The group will oversee $5 trillion of assets giving UBS, the world’s largest wealth manager, a leading position in key markets it would otherwise have needed years to grow in size and reach. The merger also brings to an end Credit Suisse’s 167-year history, marred in recent years by scandals and losses.
The two banks jointly employ 120,000 worldwide, although UBS has already said it will be cutting jobs to reduce costs and take advantage of synergies.
UBS agreed on March 19 to buy the lender for a knockdown price of 3 billion francs in stock and up to five billion francs in assumed losses in a rescue Swiss authorities orchestrated to prevent a collapse in customer confidence from pushing Switzerland’s no. 2 bank over the edge.

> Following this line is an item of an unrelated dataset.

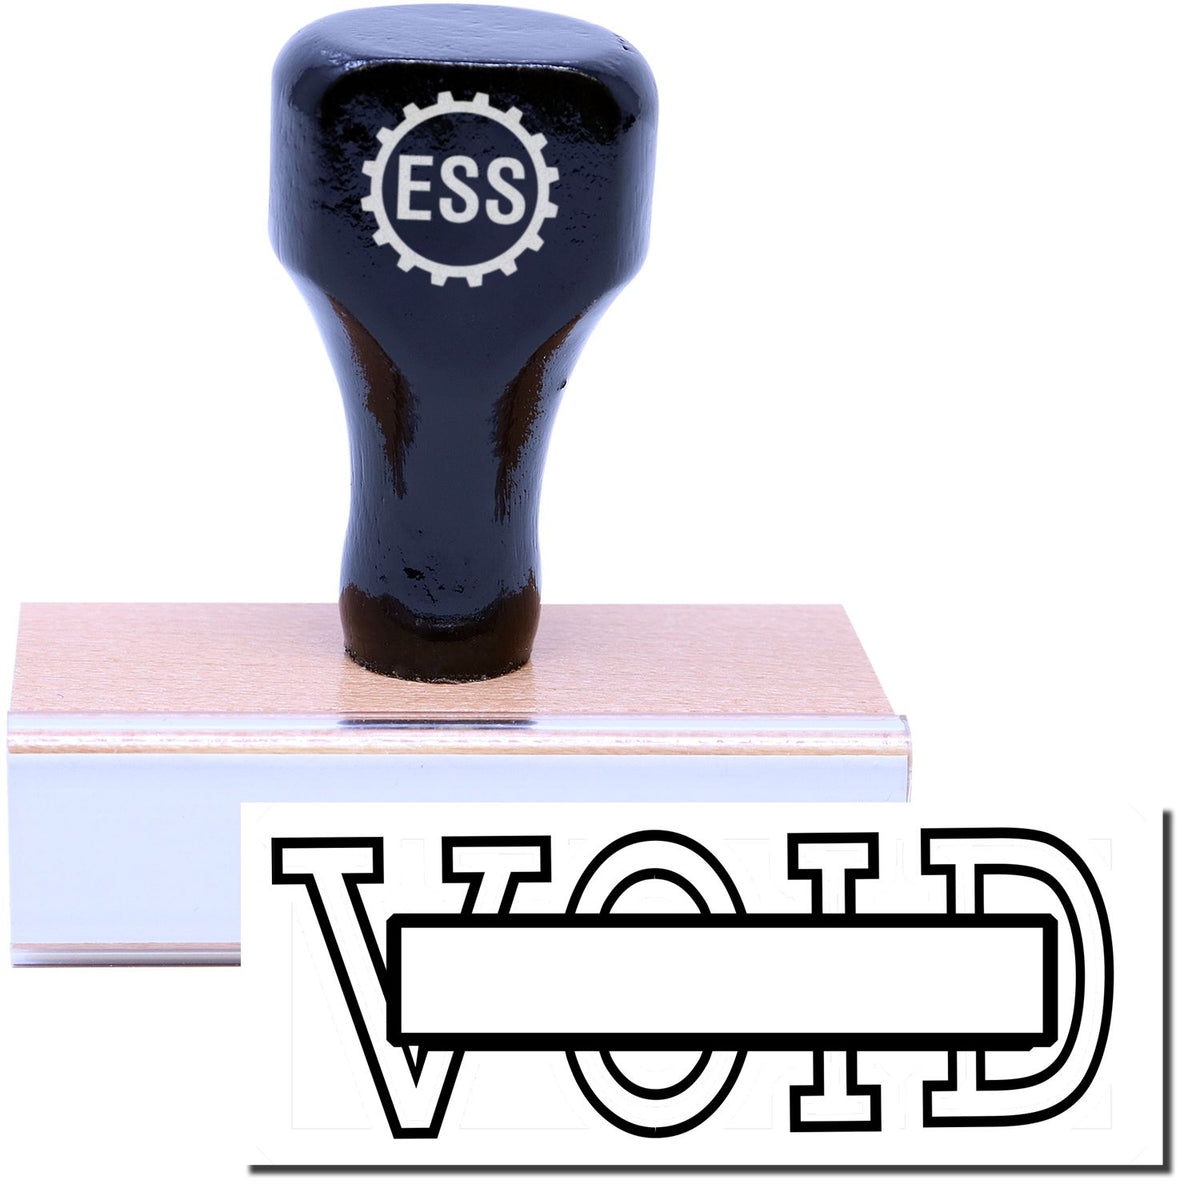 A stock office rubber stamp with a stamped image showing how the text &quot;VOID&quot; with a box in the center of the text is displayed after stamping.

On Friday, UBS struck an agreement with the Swiss government on the conditions of a 9 billion Swiss francs ($10 billion) public backstop for losses from winding down parts of Credit Suisse’s business.
UBS sealed the deal in less than three months – a tight timetable given its scale and complexity – to provide greater certainty for Credit Suisse clients and employees, and stave off departures.
Both UBS and the Swiss government have offered assurances that the takeover will pay off for shareholders and will not become a burden for the taxpayer. They say the rescue was also necessary to protect Switzerland’s standing as a financial centre, which would suffer if Credit Suisse’s collapse triggered a wider banking crisis.
UBS is set to book a massive profit in second-quarter results on Aug. 31 after buying Credit Suisse for a fraction of its so-called fair value.
Ermotti has, however, warned the coming months will be “bumpy” as UBS gets on with absorbing Credit Suisse, a process UBS has said will take three to five years.
Presenting the first snapshot of the new group’s finances last month, UBS underscored the high stakes involved, by flagging tens of billions of dollars of potential costs – and benefits, but also uncertainty surrounding those numbers.
Since the global financial crisis, many banks have pared back their global ambitions as tougher regulations that followed large losses eroded returns and forced them to rethink their businesses.
The disappearance of Credit Suisse’s investment bank, which UBS has said it will seek to cut back significantly, marks yet another retreat of a European lender from securities trading, which is now largely dominated by US firms.